For a full color, single layer solution, Stahls' ID Direct offers a product called Digital Cad printz. It works great with most materials, including canvas, leather, moisture wicking material ect. Good stuff! 
It holds up well too.


----------



## Cutting_Edge (Jun 30, 2006)

*Here are some kinda weird results......*

*I had a piece of the canvas from the awning company...he said it was made out of acrylic...(personally, I have never heard of material out of acrylic).....so I went to testing.....*
*I had both Eco Film and Eco Film Plus here....BOTH adherred fine......*
*Then...I printed off a full color design on some Solutions Opaque....that too adhered fine.....*
*My next ? for everyone....*
*These awnings go on the outside of buildings...the printed Solutions Opaque....will the print fade in the sun?*

*Thanks again for all the answers*
*Margaret*


----------



## ino (Jan 23, 2007)

Yes it will fade, and red will be the first colour to fade.However if you do laminate it you will get a few more years life.
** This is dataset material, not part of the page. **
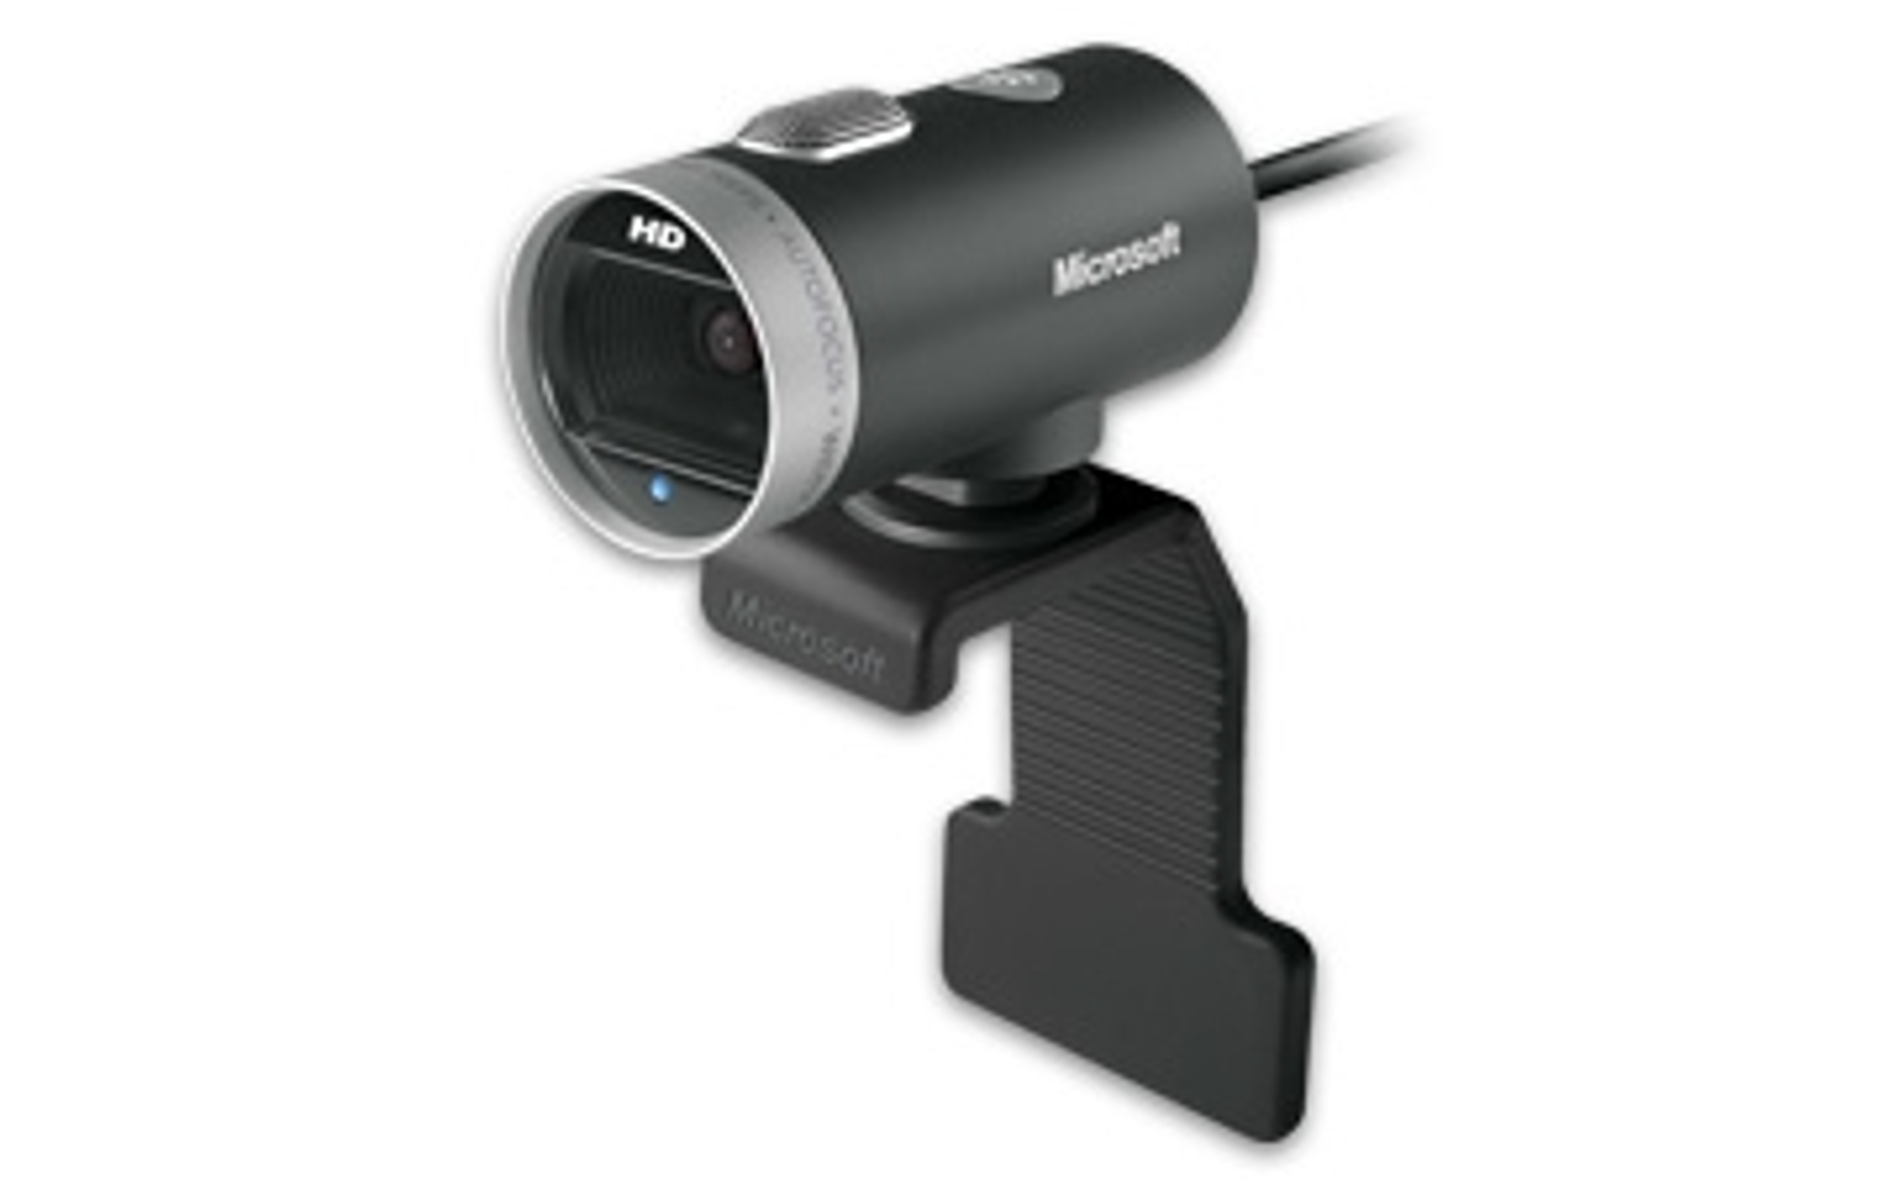 MICROSOFT H5D-00014 LIFECAM CINEMA WIN PORT USB Webcam
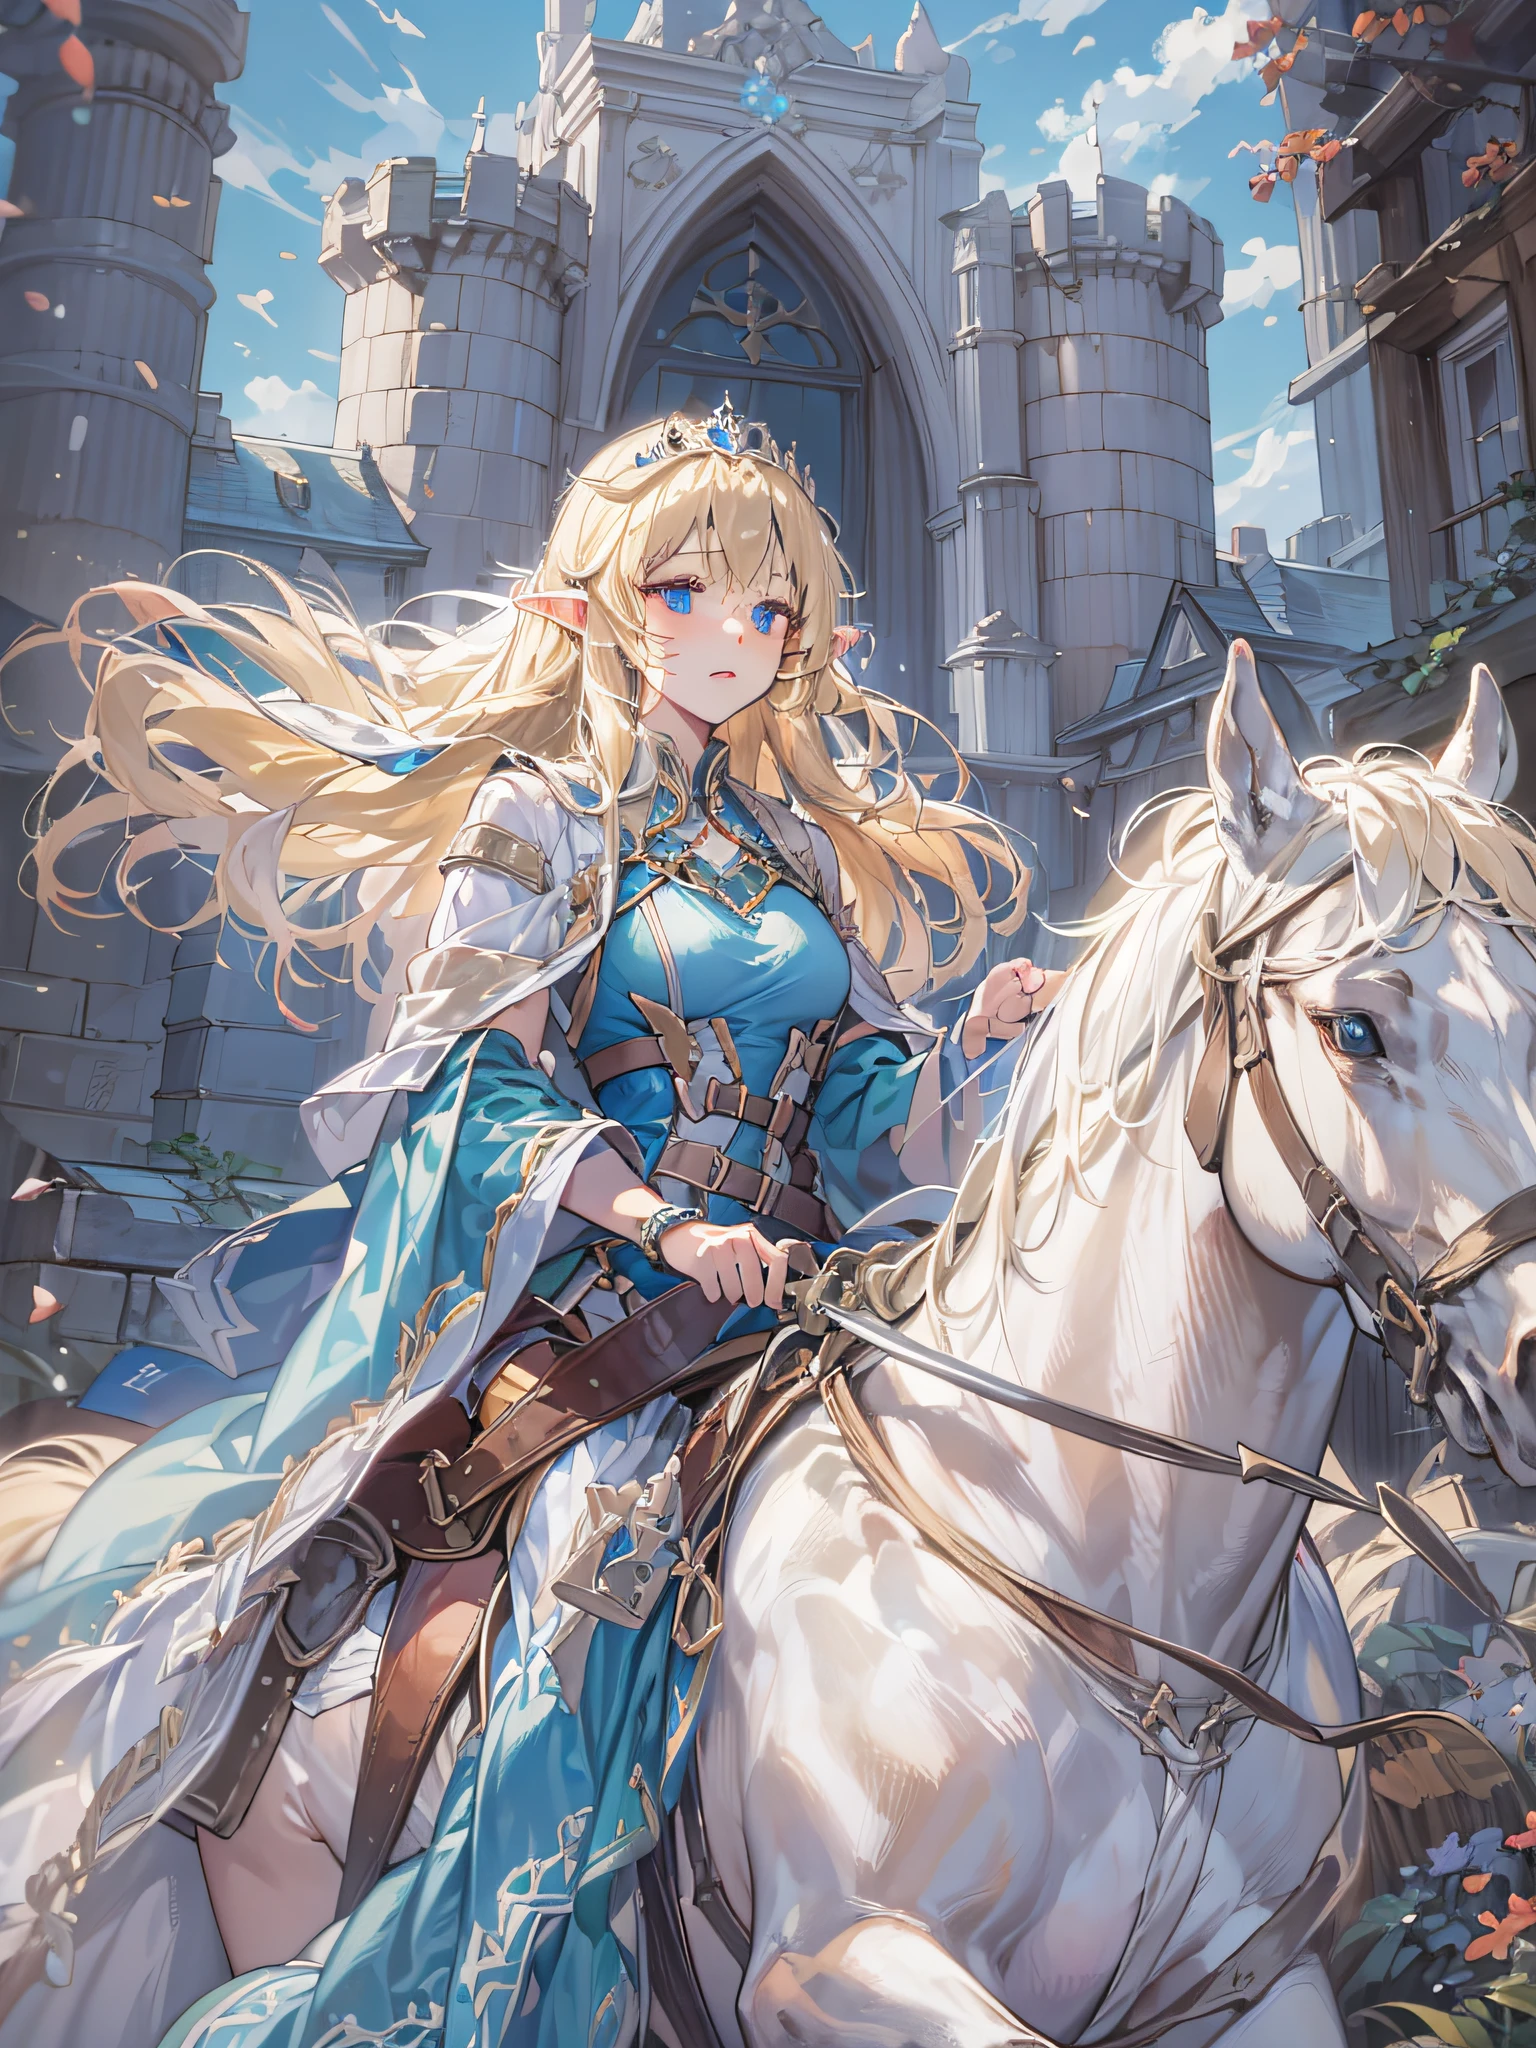 chica elfa, pelo largo rubio, blue eyes, Vestido azul, tiara de plata, tener una espada ceremonial, Montando un caballo blanco, frente a un castillo

There is a liquid laminate that you can roll on.


----------



## Cutting_Edge (Jun 30, 2006)

ino said:


> Yes it will fade, and red will be the first colour to fade.However if you do laminate it you will get a few more years life. There is a liquid laminate that you can roll on.


 
*A Laminate for heat press vinyl? And what would that be? Do I use just regular laminate for sign vinyl on this?*

*Margaret*

*And thank you for the response*


----------



## ino (Jan 23, 2007)

Hi,
From what I understood you will be printing on the vinyl, so
I would suggest you check out www.clearstarcorp.com/clearshield.
They are suppliers of liquid laminations for use with awlings etc.


----------



## Cutting_Edge (Jun 30, 2006)

*I will get in contact w/ them and get more info on this.....this heat transfer vinyl is different than normal sign vinyl, so I hope it works!!*

*Margaret*
*Cutting Edge*


----------



## JoshEllsworth (Dec 14, 2005)

The inks printed on the Roland are guaranteed 3-5 years UV resistant.


----------



## Cutting_Edge (Jun 30, 2006)

*Thank you Josh for reminding me...but I would like to be able to give them a little more time out of a $2000 awning than 3 to 5 years.....What would you recommend for a laminate for this?*

*Margaret*
*Cutting Edge*


----------